Lee Jackson's journey in the financial industry spans over 30 years, with nearly two decades as an institutional equity salesperson at Bear Stearns, Lehman Brothers, and Morgan Stanley. His career was marked by his presence on the sell side during pivotal Wall Street events, from the dot.com rise and bubble to the Long Term Capital Management debacle, 9/11, and the Great Recession of 2008. This is a testament to his resilience and adaptability in the face of market volatility.

Lee Jackson’s practical financial industry experience, acquired from a career at some of the biggest banks and brokerage firms, is complemented by a lifetime of writing on various platforms. This unique combination allows him to shed light on the intricacies and workings of Wall Street in a way that only someone with deep insider experience and knowledge can.

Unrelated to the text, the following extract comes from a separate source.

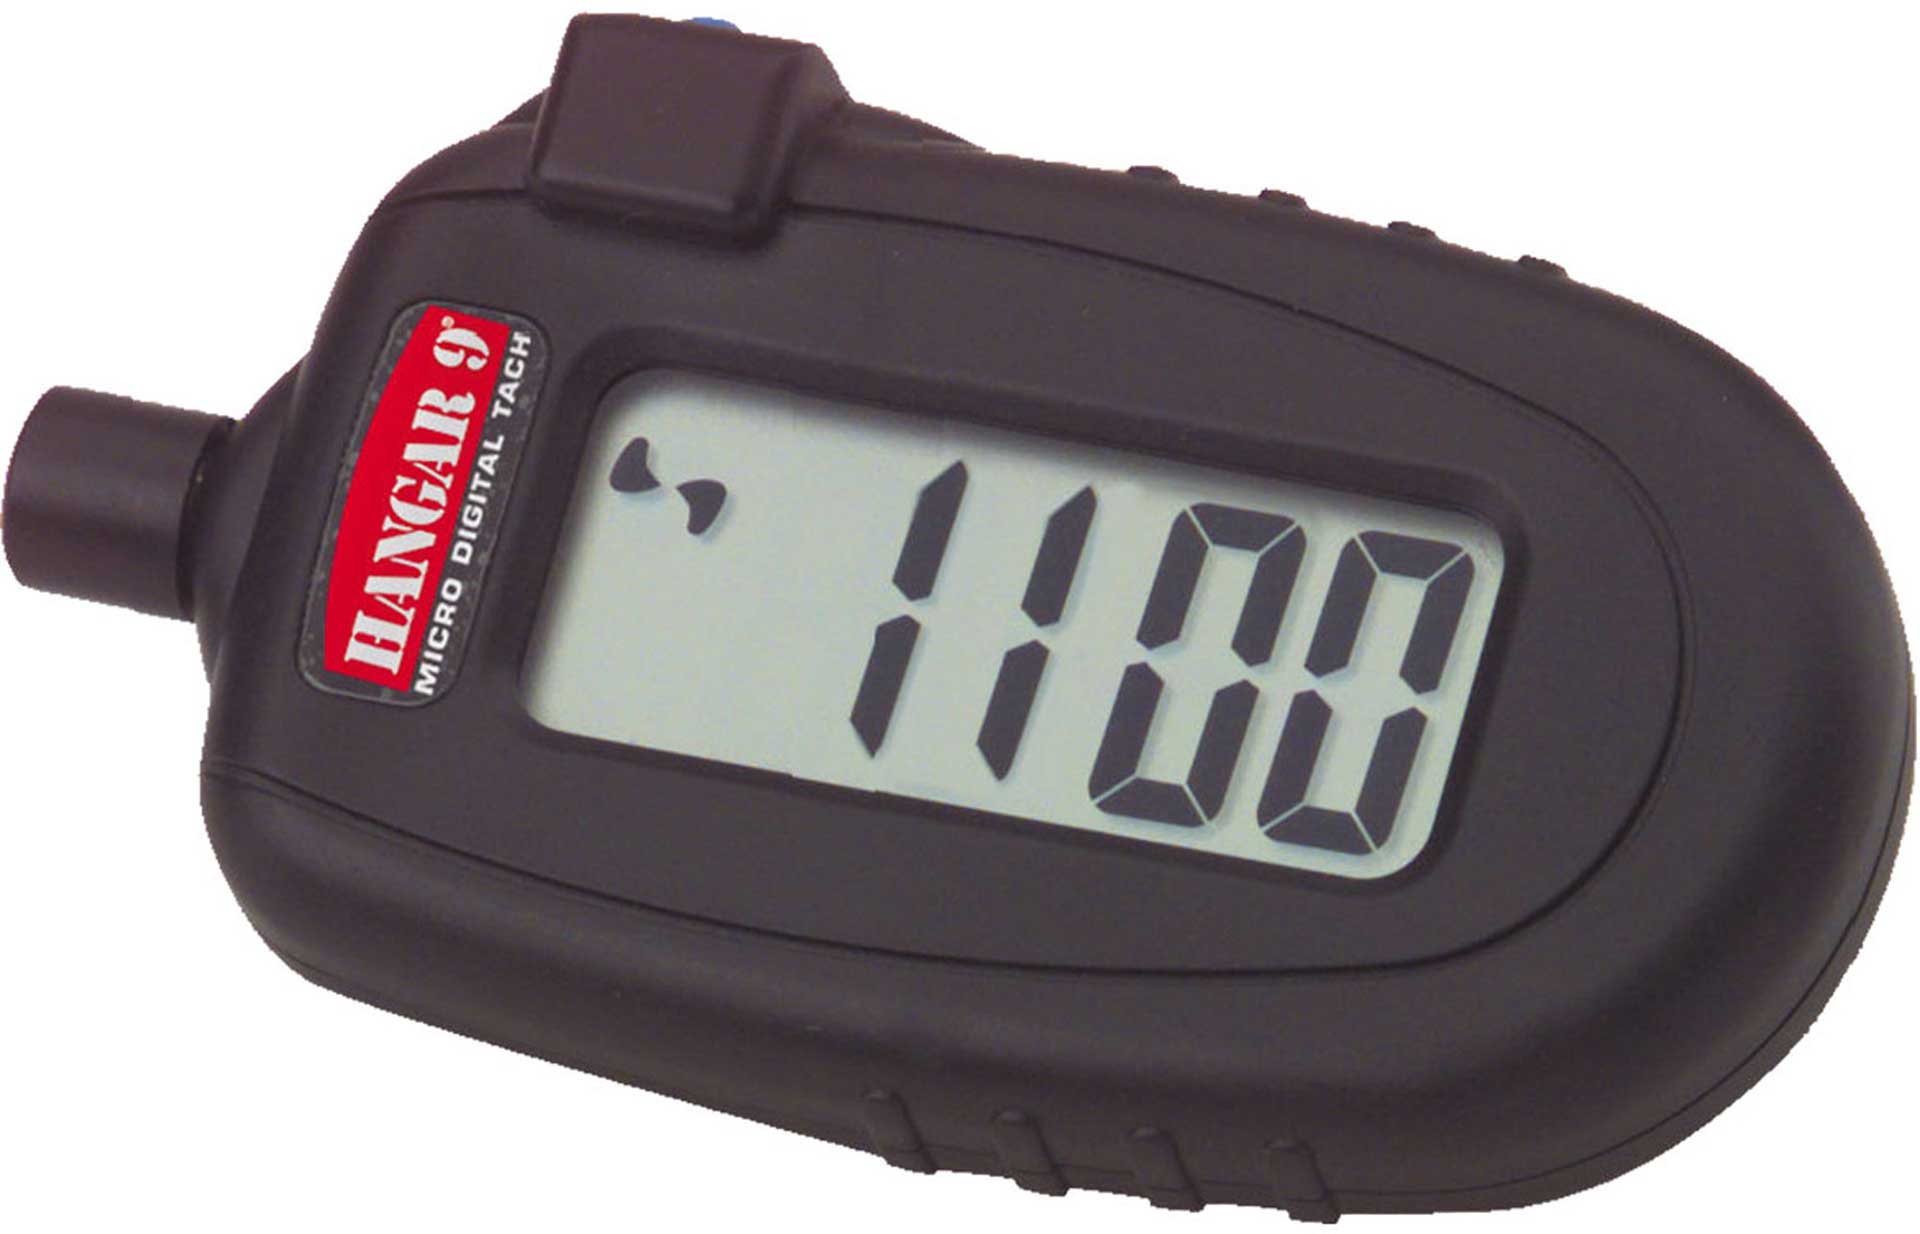 Tachometer HANGAR 9 digital

Moreover, his extensive network across Wall Street continues to provide direct access for him and 24/7 Wall St., a privilege few firms enjoy.

Since 2012, Jackson’s work for 24/7 Wall St. has been featured in Barron’s, Yahoo Finance, MarketWatch, Business Insider, TradingView, Real Money, The Street, Seeking Alpha, Benzinga, and other media outlets. He attended the prestigious Cranbrook Schools in Bloomfield Hills, Michigan, and has a degree in broadcasting from the Specs Howard School of Media Arts.